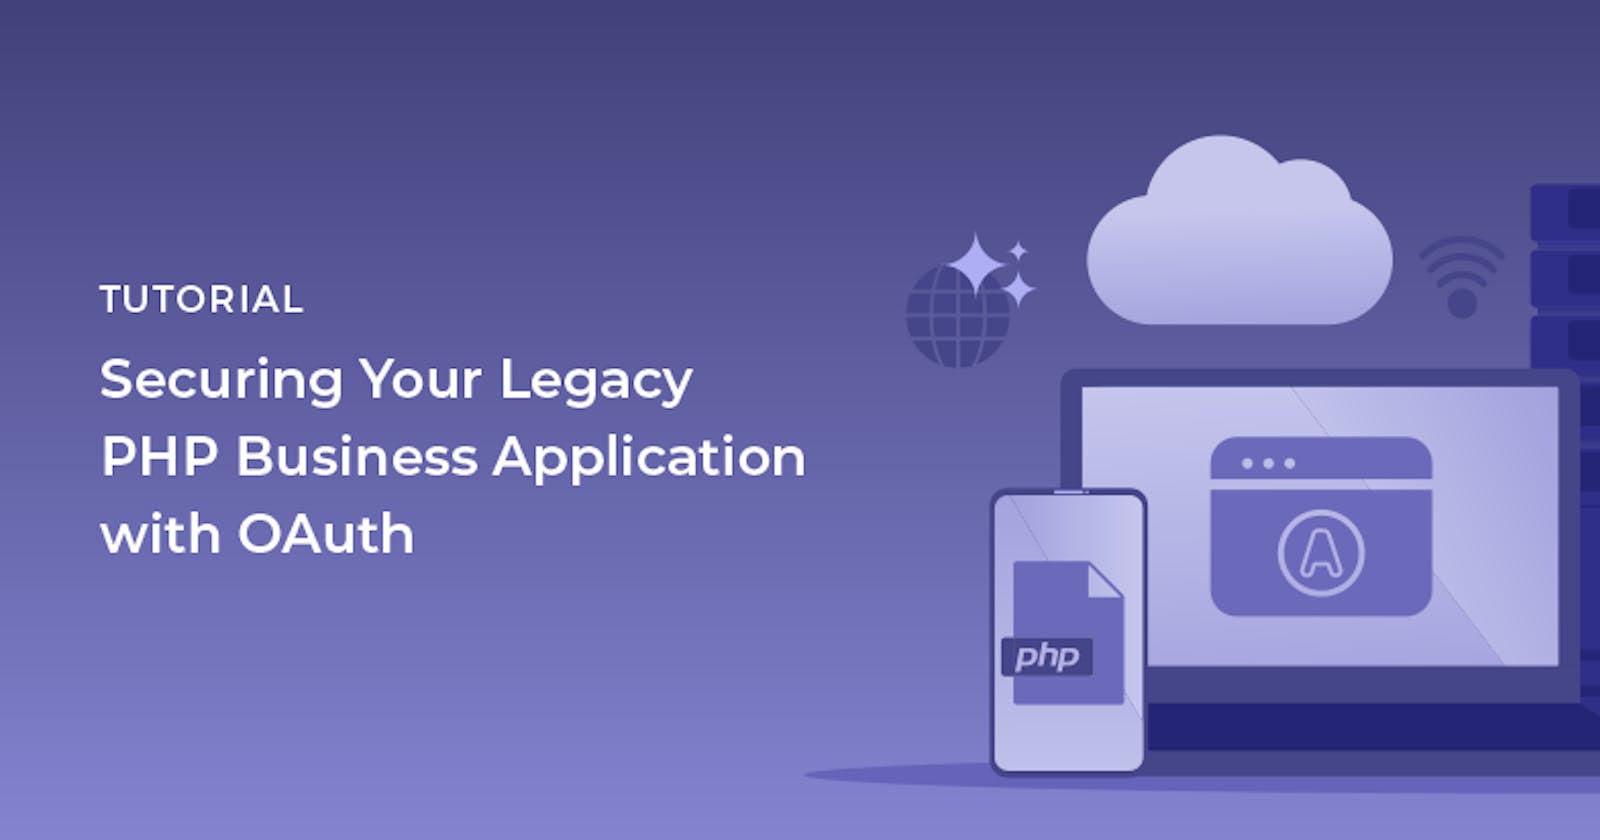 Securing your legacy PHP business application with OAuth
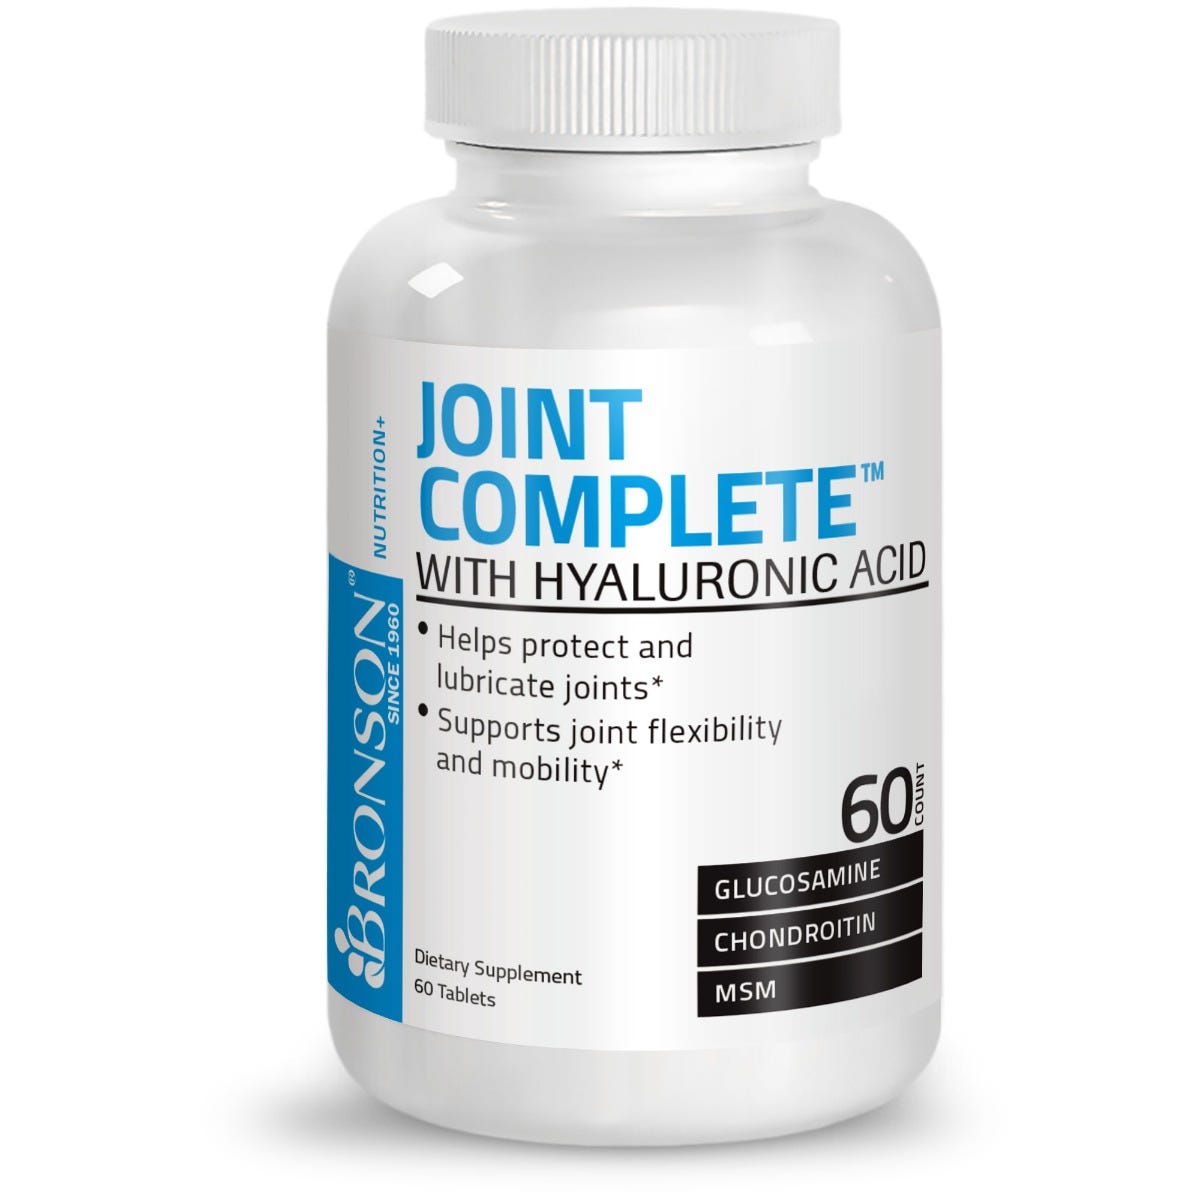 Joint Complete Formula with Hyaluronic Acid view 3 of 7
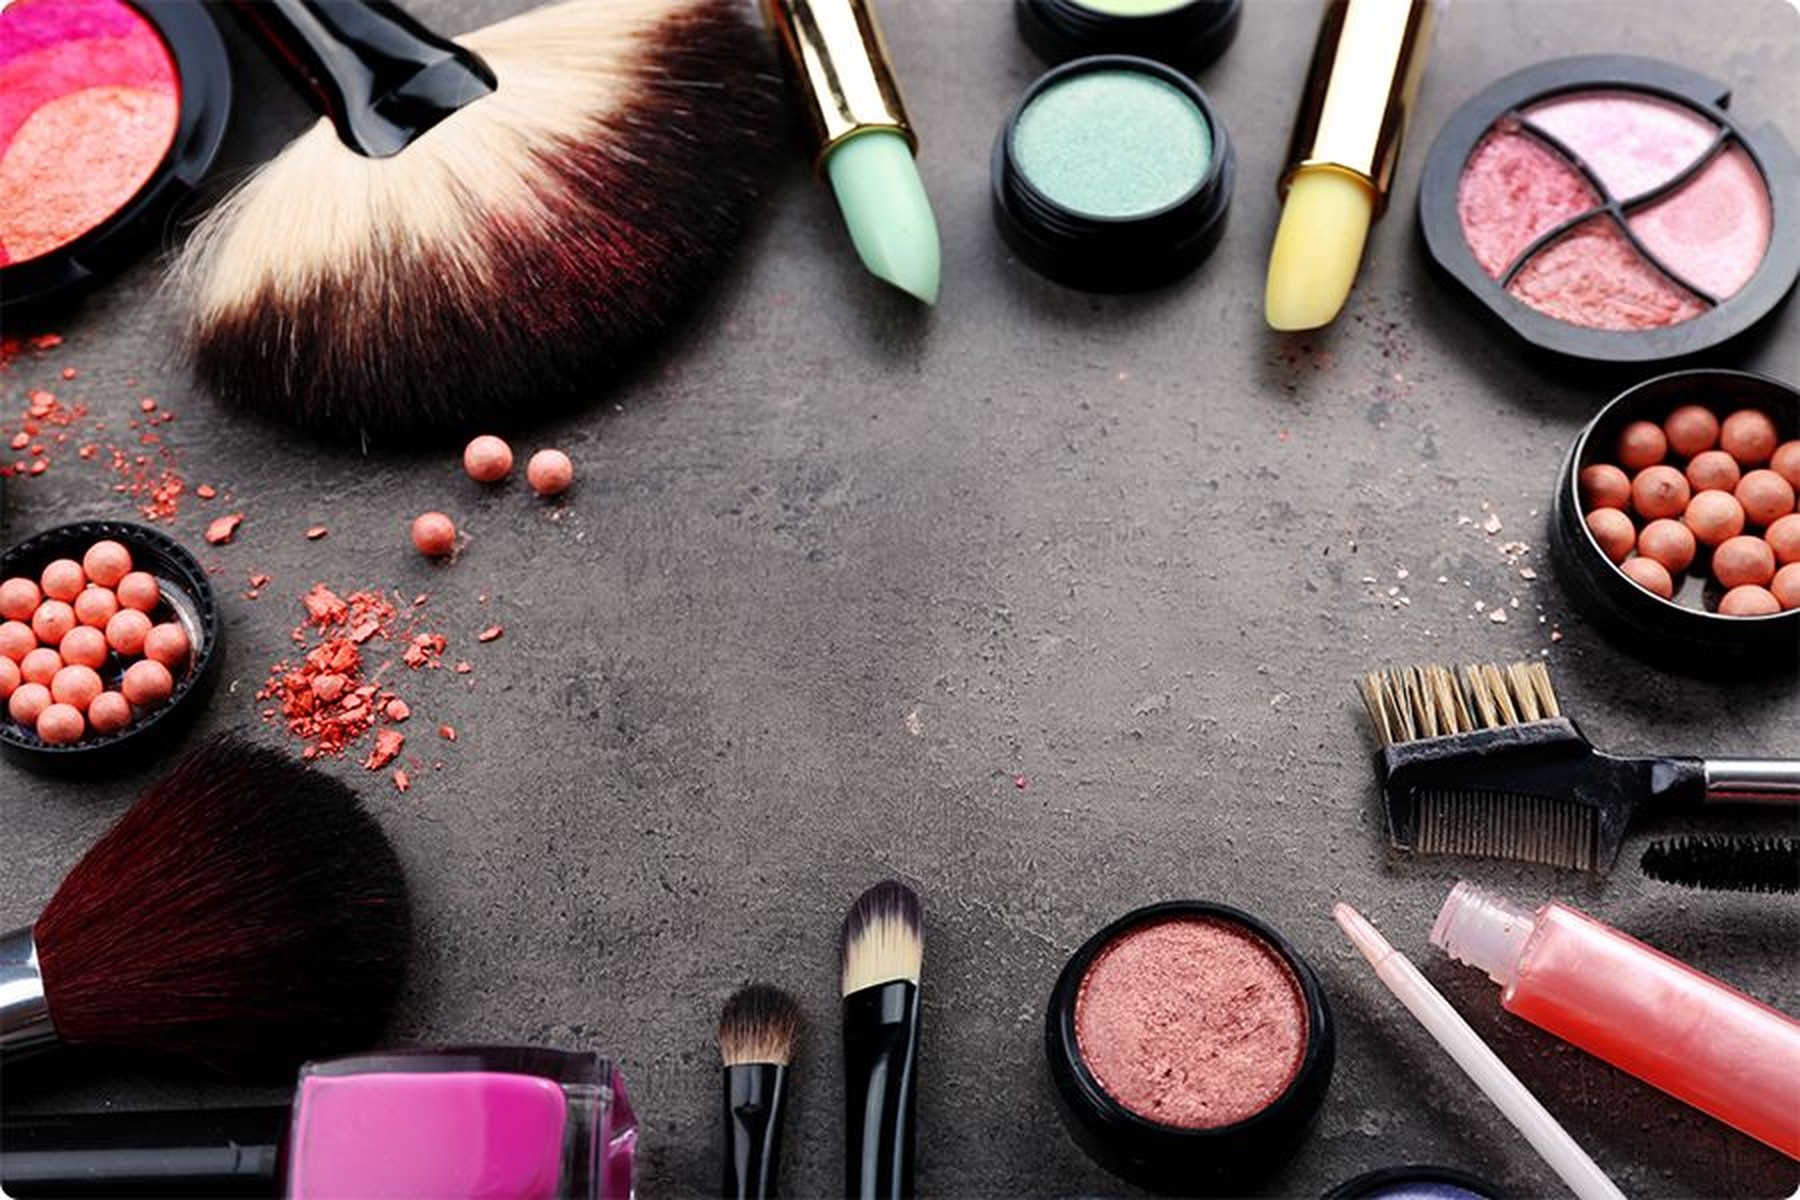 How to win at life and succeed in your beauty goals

● Problem to solve
Reproduce word for word the lines running from the line with "Joint Complete Formula" through the end of the data, both included, and nothing else; leave out the pictures.

● Answer to this problem
 Joint Complete Formula with Hyaluronic Acid view 3 of 7
 How to win at life and succeed in your beauty goals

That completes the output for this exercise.